Осиротевших детей решили взять две подруги, ранее помогавшие умирающей актрисе. Мальчика Эдгара согласилась приютить бездетная Фрэнсис Киллинг Аллан, а совсем еще малышку, девочку Розали, — Джейн Скотт Маккензи. Старший сын супругов По — Уильям Генри — остался на попечении дедушки и бабушки в Балтиморе.
Муж миссис Фрэнсис Аллан, мистер Джон Аллан, вначале без всякого энтузиазма отнесся к решению жены. Причина такого жестокосердия была не совсем благовидной — дело в том, что у мистера Аллана уже было двое незаконнорожденных детей от двух женщин, и он старательно скрывал этот факт от супруги. Однако постепенно сердце Джона Аллана смягчилась, потому что все, кто знал Эдгара По маленьким ребенком, уверяли, что он был очаровательным и обаятельным малышом.
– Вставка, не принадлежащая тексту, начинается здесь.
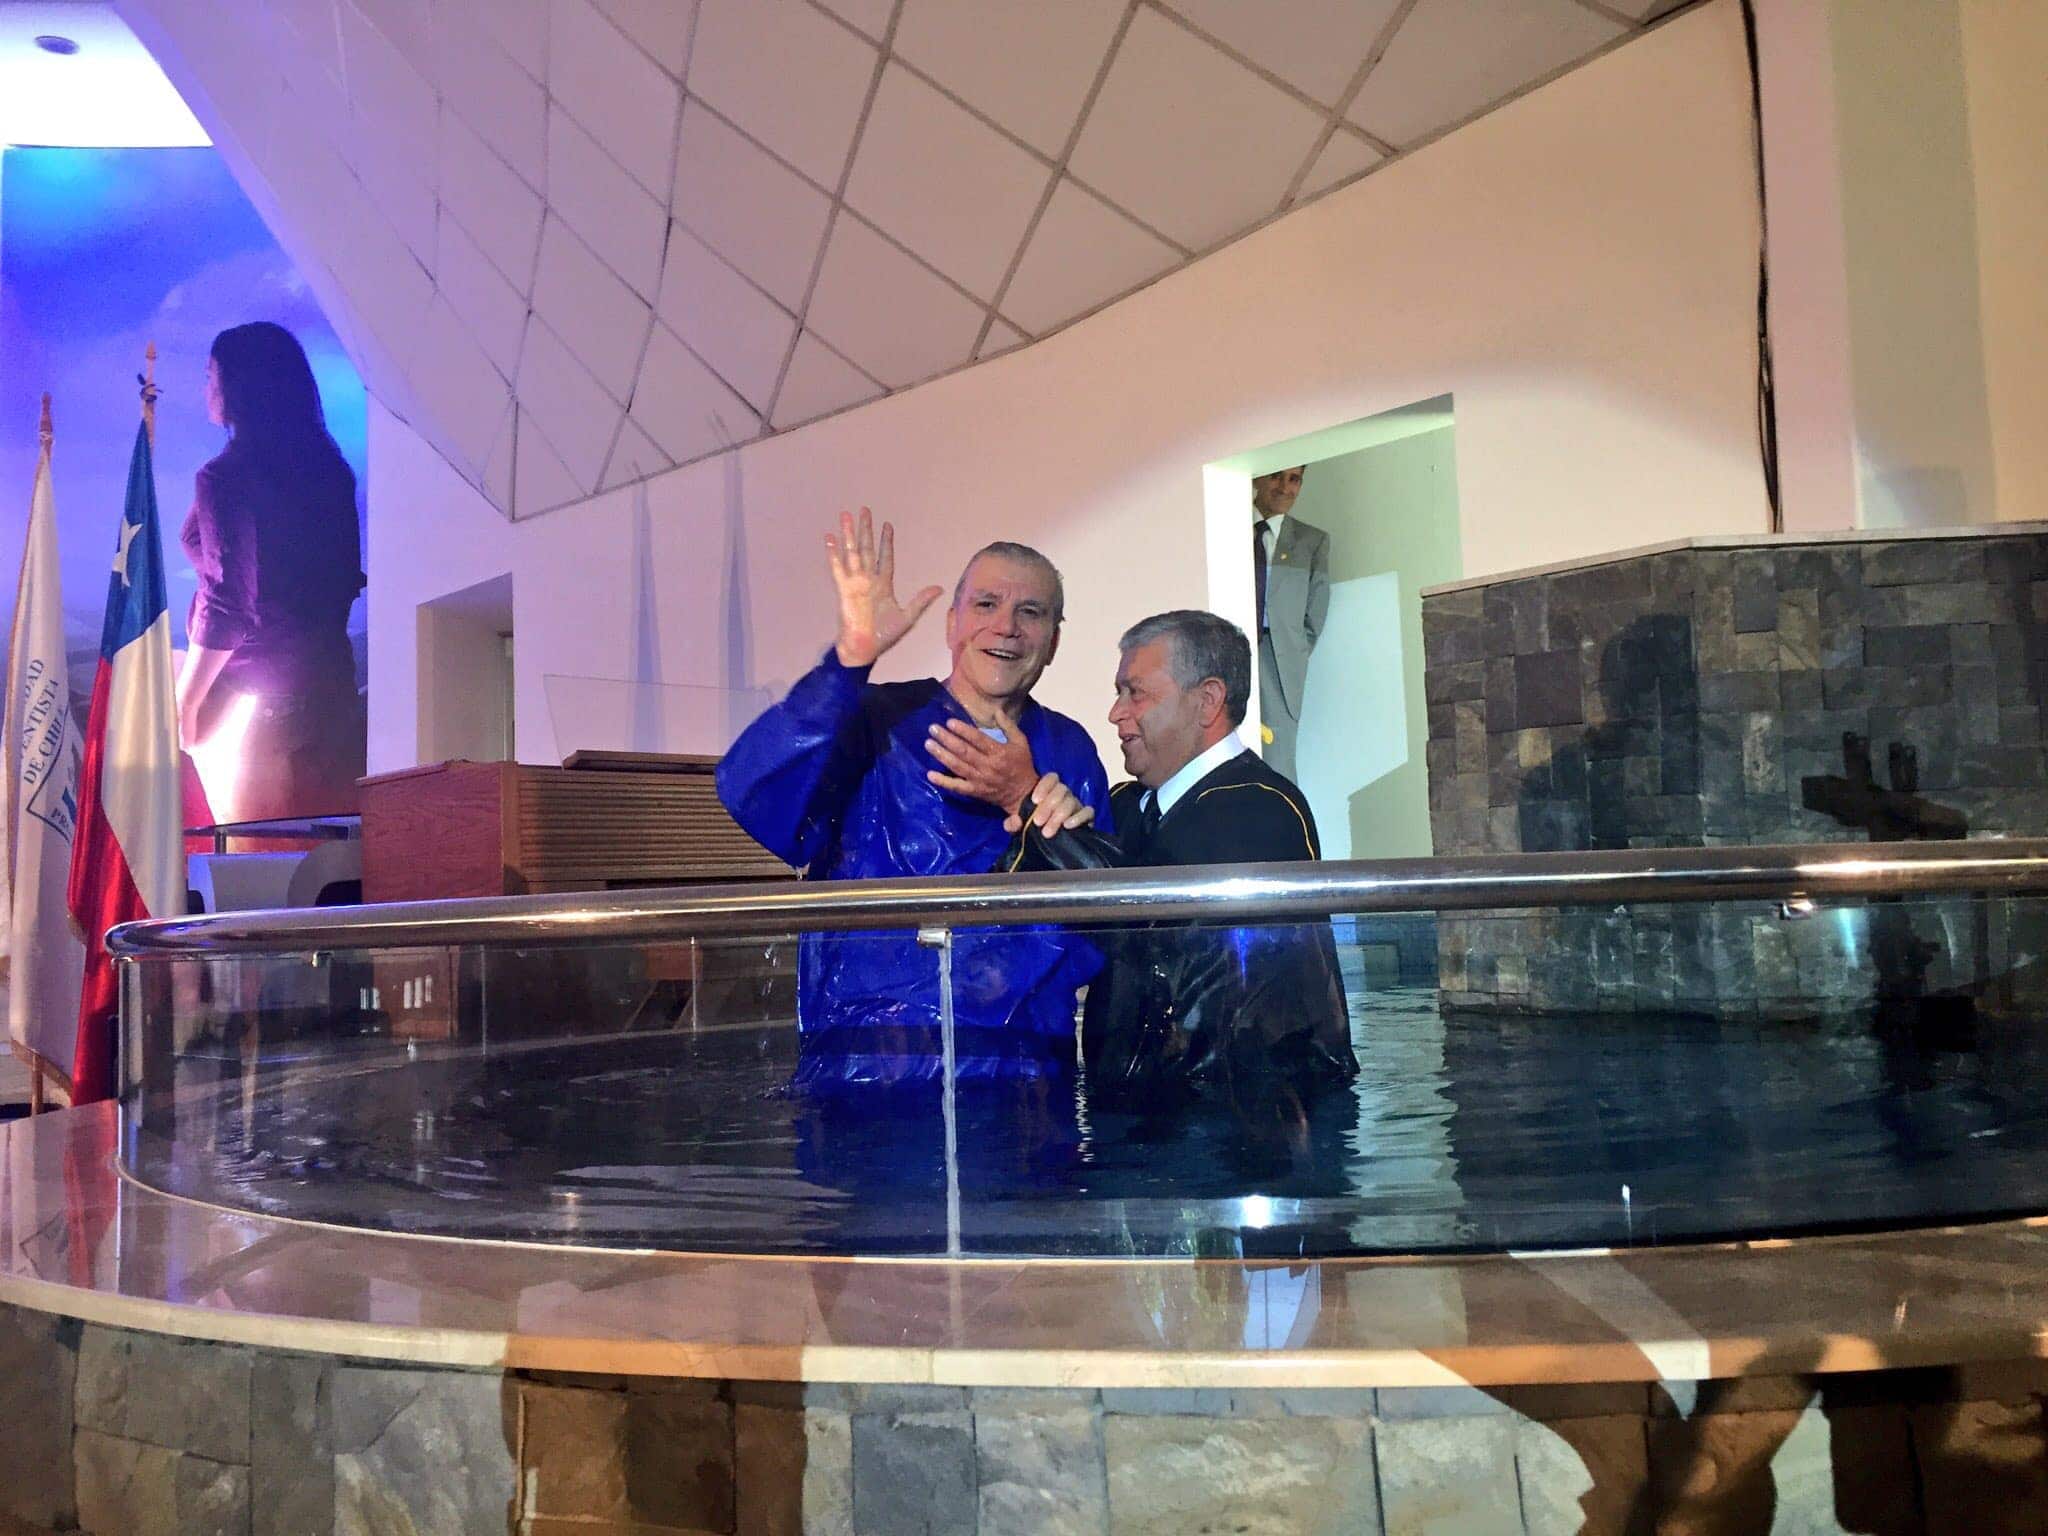 Francisco Rozas Bravo after his baptism. The former philosophy professor chose to join the Seventh-day Adventist Church after a center of influence offered classes nearby.  Photo: ASN News

Возможно, на усыновителя повялило и жуткое событие, произошедшее в Ричмонде всего через две недели после кончины Элизабет По. 26 декабря 1811 года, прямо во время представления, загорелся местный театр. Погибло более семидесяти человек. Сердобольные ричмондцы помогали деньгами пострадавшим, брали в свои семьи детей, оставшихся без родителей. На таком фоне мистеру Аллану не хотелось выглядеть совсем уж бессердечным чурбаном, и он разрешил жене взять сиротку в дом. (Кстати, именно из-за этого совпадения дат и родилась легенда, по сей день иногда всплывающая в Сети, — будто родители Эдгара По погибли во время знаменитого пожара Ричмондского театра.)
Так у маленького Эдгара началась совсем иная жизнь. Одним из первых ее моментов стало крещение — 11 декабря 1811 года его окрестили, дав полное имя Эдгар Аллан По, в честь приютившего сироту Джона Аллана.
И если отчим вначале отнесся к приемышу прохладно, то приемная мать и ее бездетная сестра Энн Валентайн, которую Эдгар позже будет звать «тетя Нэнси», души не чаяли в маленьком сироте.
Эдгар рос маленьким вундеркиндом, которым гордилась Фрэнсис Аллан. Многие вспоминали, что во время семейных обедов в доме Алланов усыновленный сирота по просьбе присутствующих вставал на стол и прочитывал какое-нибудь стихотворение или исполнял песню. Его вознаграждали аплодисментами, а порой давали выпить и стакан сладкого вина, разбавленного водой. (Последнее, учитывая семейную предрасположенность По к алкоголизму, было явно лишним. Впрочем, пока никаких признаков будущего ужасного заболевания у мальчика не проявлялось. Ребенок рос послушным и внимательным, лишь изредка позволяя себе небольшие шалости.)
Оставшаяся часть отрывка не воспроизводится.